Special care should also be given to any device that might allow a user to gain access to the network remotely. A good example of this type of device is a firewall that is installed in a branch office and configured to automatically establish a VPN to the main office. If the firewall were stolen, it would be relatively easy to create an environment that would establish the VPN to the home office without needing to know the password on the device or in any way modify the configuration.
The implication is that the person could gain access to your network from anywhere he or she wanted. This is particularly true when all branch offices are configured with the same VPN password—because changing the VPN password would require reconfiguring all of the devices.
There is no foolproof way to ensure that a server is always physically protected. Breakdowns in security always happen. Monitoring is necessary to ensure that unauthorized actions do not occur with the server.

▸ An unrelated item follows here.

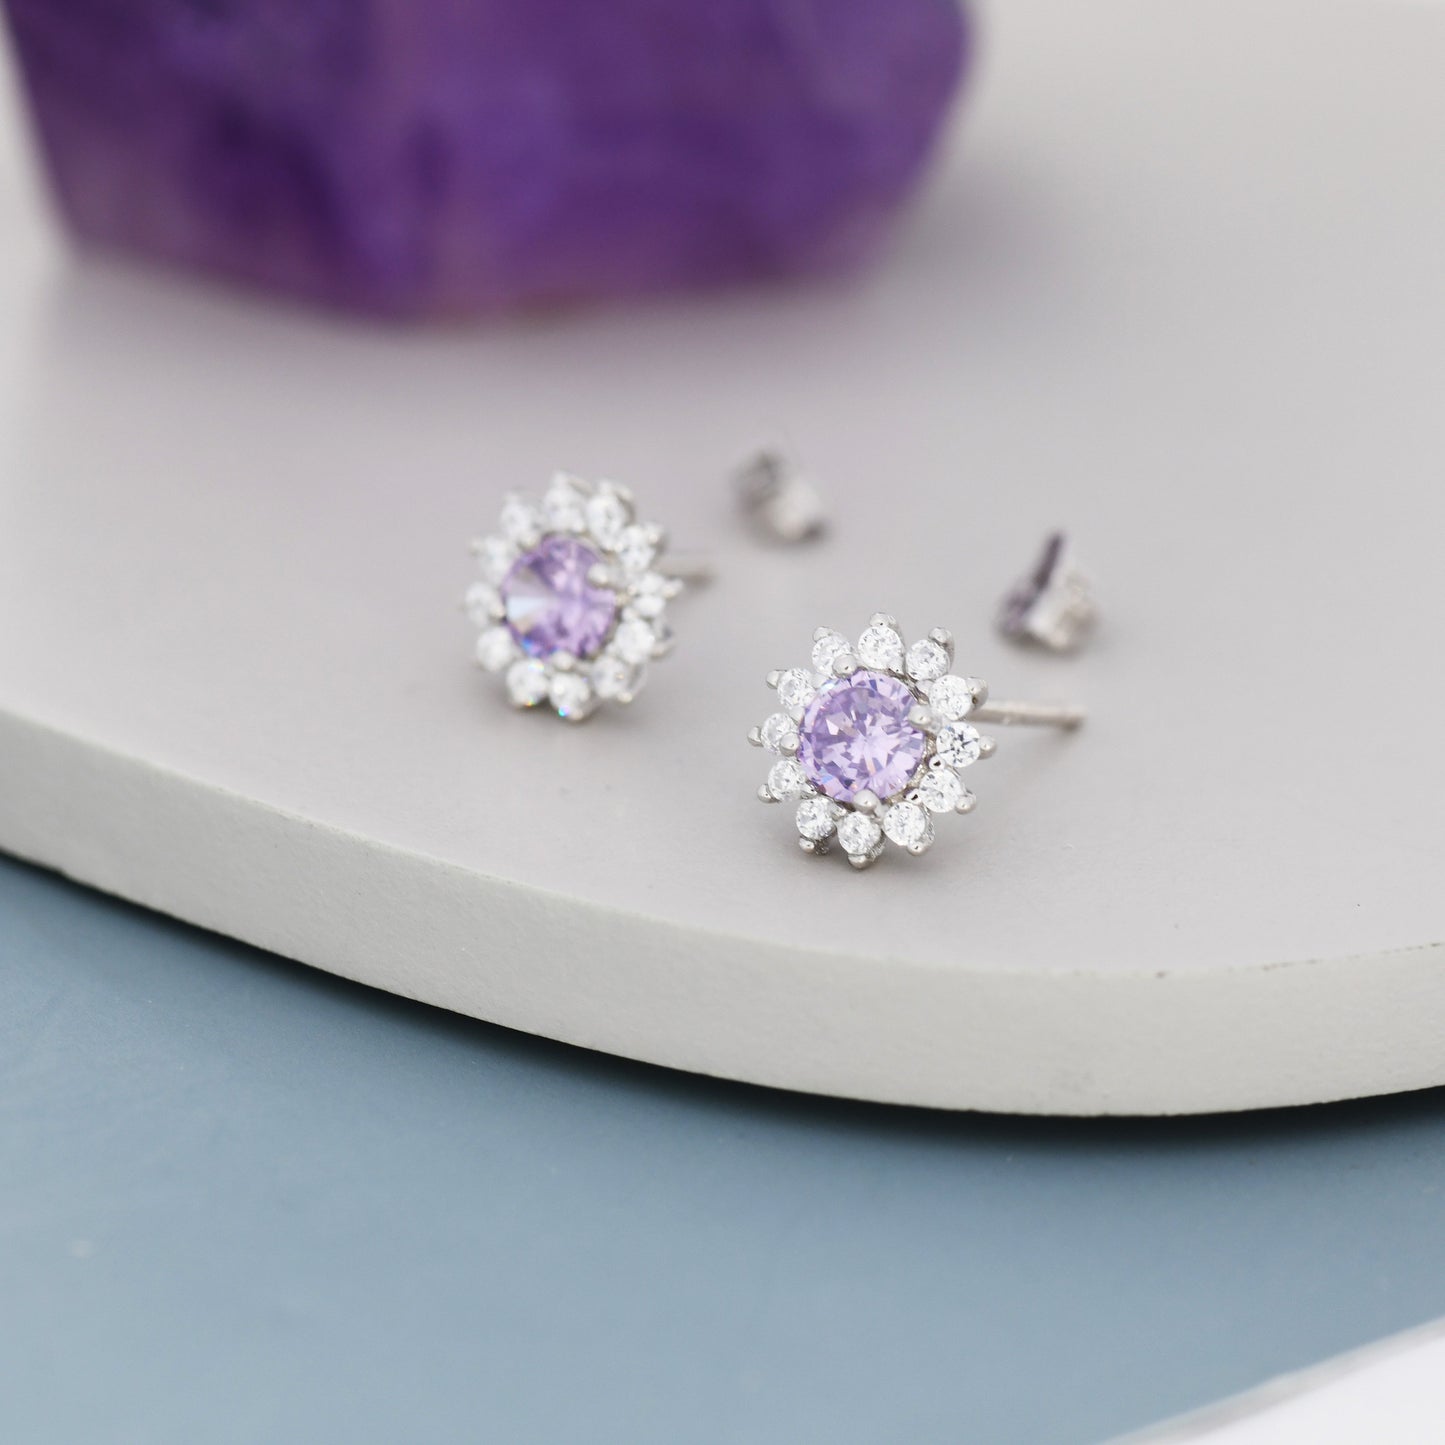 Amethyst Purple CZ Halo Stud Earrings in Sterling Silver, Silver or Gold, February Birthstone Earrings, Flower CZ Earrings

You may already have the most basic kind of monitoring in place on your network. For intruders to attack the server, they will need to take it off the network, either by stealing it or rebooting it to their operating systems. By monitoring for servers that go offline, you can identify connectivity and stability problems as well as machines that may be targets.
Obviously, monitoring when a server is present and when it is not present is a good start, but it does not tell you who took the server. That is what video monitoring can do for you. Video monitoring uses digital video cameras to snap pictures of the individuals entering a room or approaching a server. There are a variety of devices that can perform this function.

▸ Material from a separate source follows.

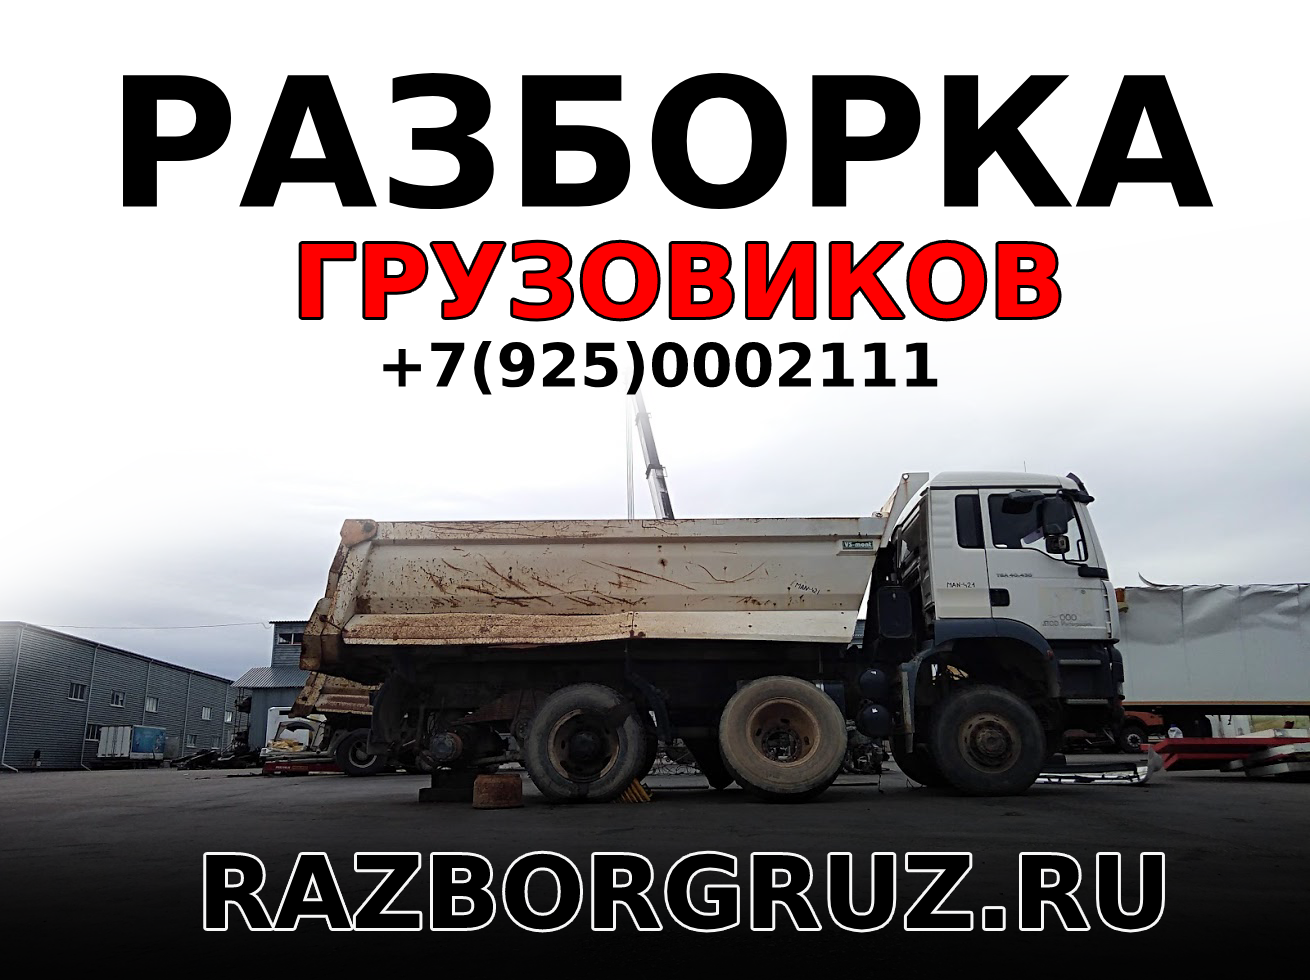 Разборка грузовиков и полуприцепов в москве грузовой разбор авторазбор прицепов и полуприцепов +7(925)0002111

These devices wait for a contact to be broken or until they detect motion. They then begin to take still images at the rate of a few per second and forward them to an e-mail account or an FTP server. The contacts they monitor are the same kind used in alarm systems. They can be any kind of contact that can be broken; they're typically small magnetic door switches that indicate when the door is open.
These devices use motion detection that is image-based. They use a complex analysis of the video they receive to determine whether there is any motion. This works surprisingly well in office environments where there isn't a lot of change in the image, but the motion detector can be fooled by shadows moving on the wall.
The most basic device is a simple camera like the Axis 2120 Camera. It supports all of the features I've discussed here and has a built-in Web site that can be used to see what the camera is looking at. On the higher end are devices such as the NetBotz WallBotz, which not only provide the features mentioned above but also provide environmental monitoring and notification. WallBotz, and its sibling RackBotz, monitor temperature, humidity, airflow, and audio level in addition to the video monitoring. The airflow monitoring can indicate when fans are failing to move enough air across the computers to ensure that they stay cool. The audio monitoring can be used to listen for errors that are not connected to the system, such as an alarm from the air conditioner that it is about to fail.
NetBotz also offers a centralized monitoring and reporting option that allows you to see the results of the environmental monitoring over time. This is something that can really help protect your computer systems from the stresses of poor environmental control.
Security goes beyond patches
Physical security is a critical component of your security plan, because a failure in physical security can quickly eliminate all the work done on the software side to secure the systems. Implementing a solid monitoring solution is essential in detecting problems with the physical access and in being able to create an audit log for those who have gained access to the server—rightfully or unrightfully.